How a Local Humanist Group Emerged in a Very Conservative Area March 4, 2014

How a Local Humanist Group Emerged in a Very Conservative Area

Rachael Berman shares a fascinating story about how an Idaho community with virtually no (public) Humanists became a community with an active group consisting of 120 members (and counting):

Palouse billboard from 2012

In 2009 the American Humanist Association (AHA) had only two members in the area surrounding Moscow-Pullman, located in the region of the Pacific Northwest known as the Palouse. With the assistance of an anonymous donor, the AHA launched a continuing and concerted effort that included billboard, newspaper, online, and radio ads, along with a large multi-day event for Darwin Day each February…

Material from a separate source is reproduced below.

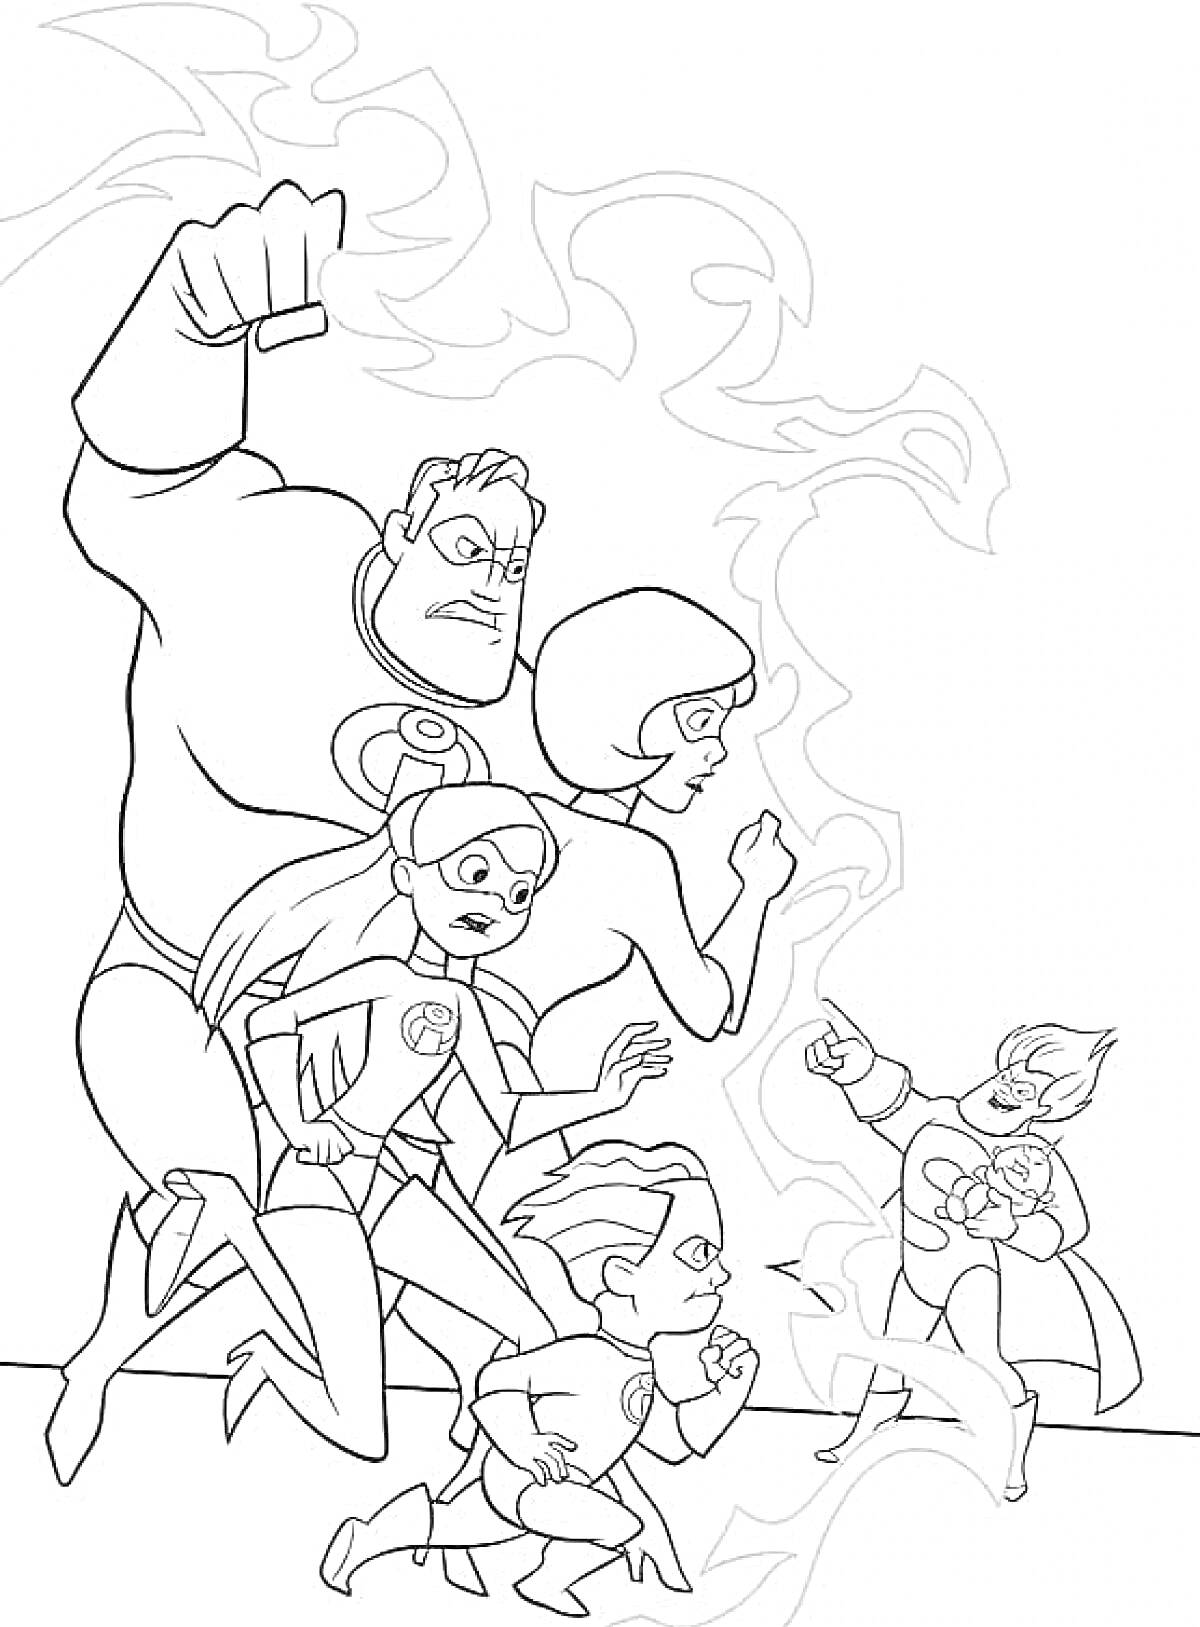 Раскраска Члены команды Суперсемейка бегут и демонстрируют свои суперспособности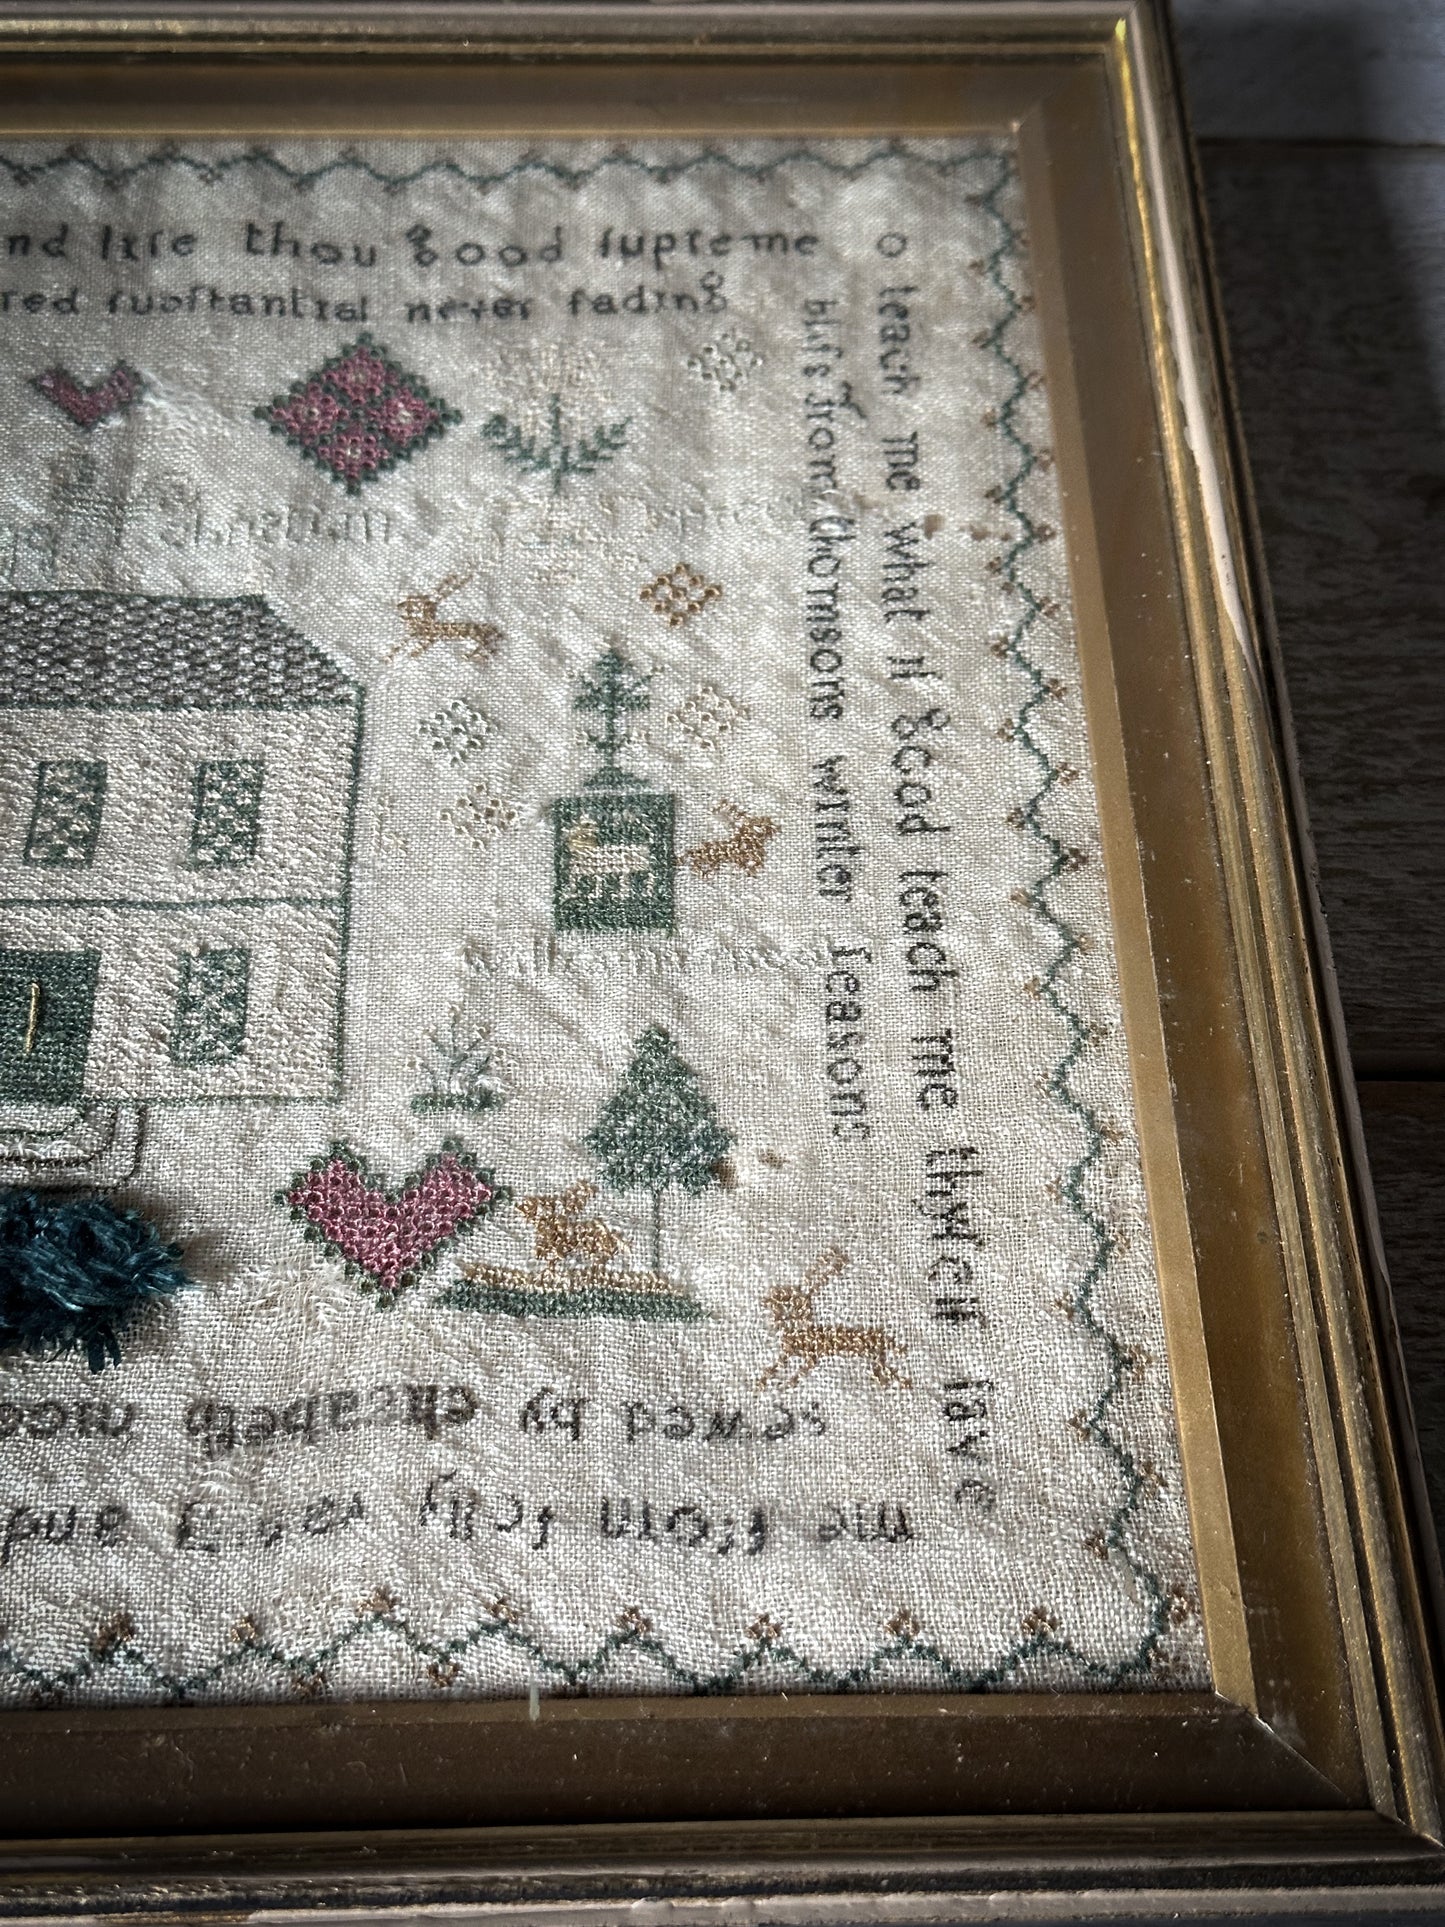 The most wonderful framed antique stitched sampler

The ongoing effort in the Moscow-Pullman area to bring humanists out from hiding shows that it can be done as long as there is a willingness to make a sincere and prolonged effort. There are humanists everywhere, including in places where anti-humanist hostility is the norm. Sometimes all it takes for a humanist awakening is to provide the method for them to find each other.

True, not everyone has the benefit of a donor or billboard campaign, but pretty much everyone has access to Facebook or Meetup. All you need is one person willing to take charge: set up a place for people to meet, advertise the heck out of it (and let national organizations know what you’re trying to do for additional support), and you might be surprised how many people show their interest.

Berman also points out that all this took place in a very conservative area, making it all the more reason to get a group for atheists going. They have nowhere else to turn!